Maar, hij maakt duidelijk, dat vinden doet er bijna niet toe.
"Het feit dat Mortons gegevens niet bevooroordeeld waren, betekent niet dat zijn wetenschap dat niet was, Mitchell zegt. "Hij kan schedels heel nauwkeurig meten, maar is ook een bevooroordeelde wetenschapper." Kijk maar naar Tiedemann, hij zegt. "De Duitse wetenschapper doet in principe hetzelfde als Morton, maar komt tot een dramatisch andere conclusie."

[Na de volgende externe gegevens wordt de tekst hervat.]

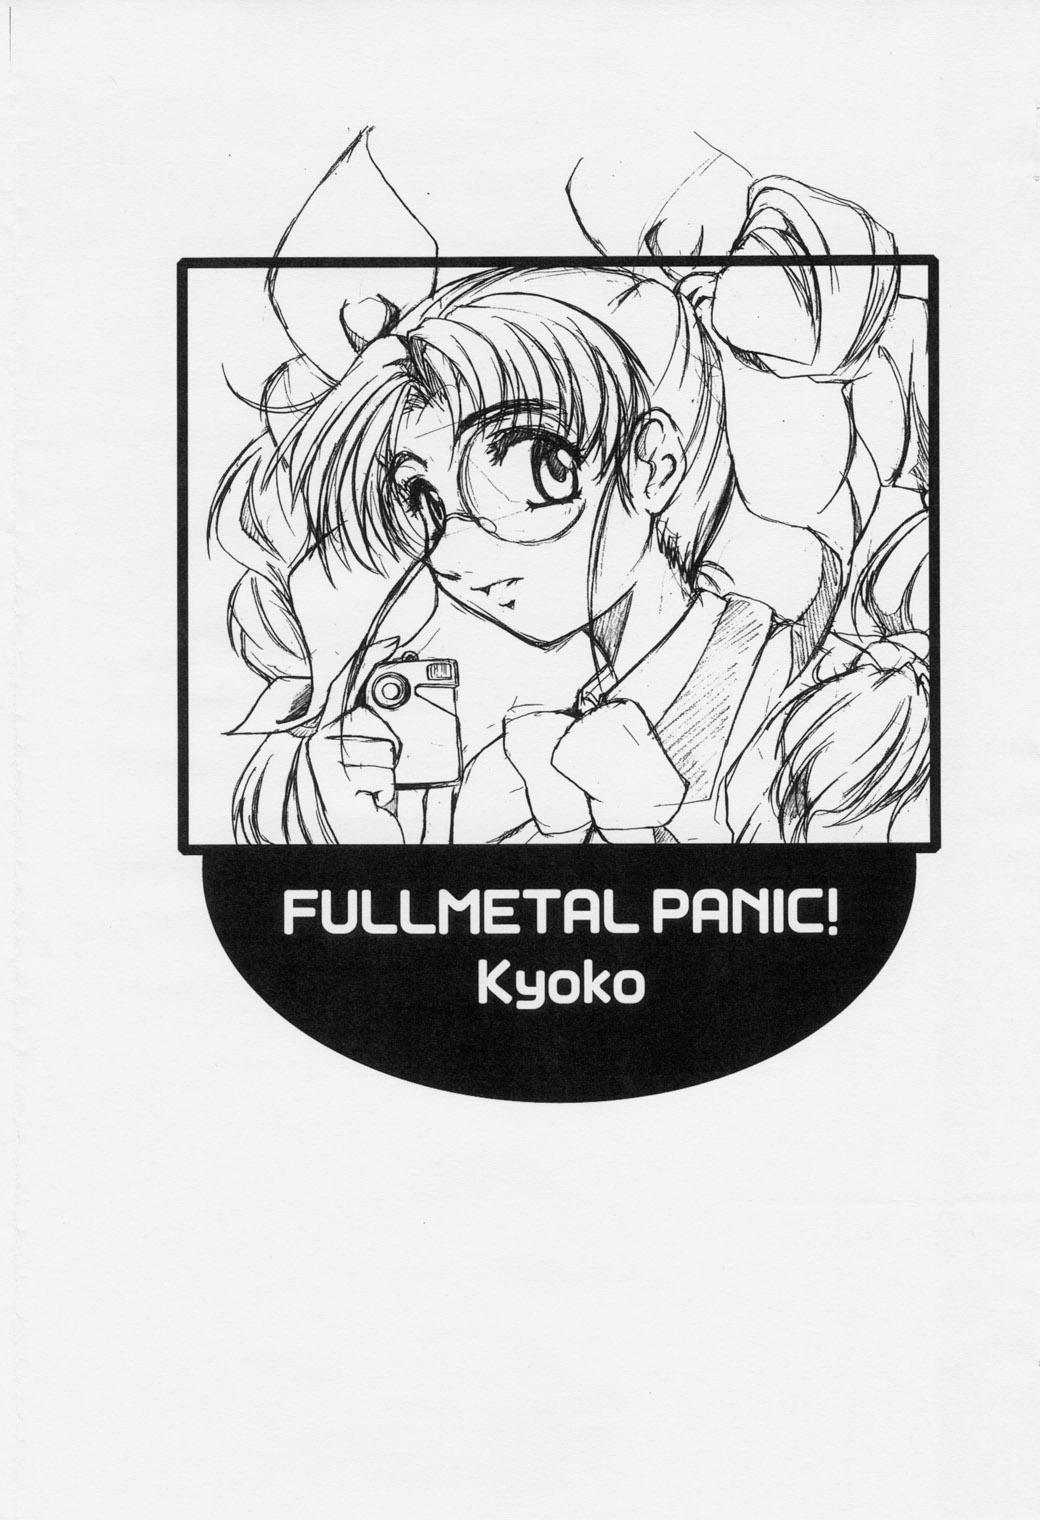 Gostosas FULLMETAL PANIC! Kyoko - Full metal panic Italiano - Picture 1

Door zijn werk, Tiedemann merkte bij alle mensen een reeks schedelmaten op. Morton, anderzijds, gericht op hersengrootte gemiddelden van verschillende rassen. Hoewel Mortons getallen over rassen heen overlappen, en hoewel het nemen van de gemiddelden van de gegevens van Tiedemann - wat hij zelf nooit deed - een bijna perfecte overeenkomst met die van Morton aan het licht bracht, de interpretatieve verschillen van de twee wetenschappers ondersteunden hun uiteenlopende conclusies.
Met betrekking tot de wetenschap van vandaag, de grootste fout in Mortons onderzoek ligt misschien in het feit dat hij geen gegevens verzamelde over lichaamsgrootte, zegt Mitchel. Hersengrootte correleert met lichaamsgrootte, en hersen- en lichaamsgrootte zijn bekende aanpassingen aan het klimaat waarin mensen leven. Dat betekent vanuit een evolutionair perspectief, er is geen reden om aan te nemen dat er een verband bestaat tussen schedelomvang en intelligentie.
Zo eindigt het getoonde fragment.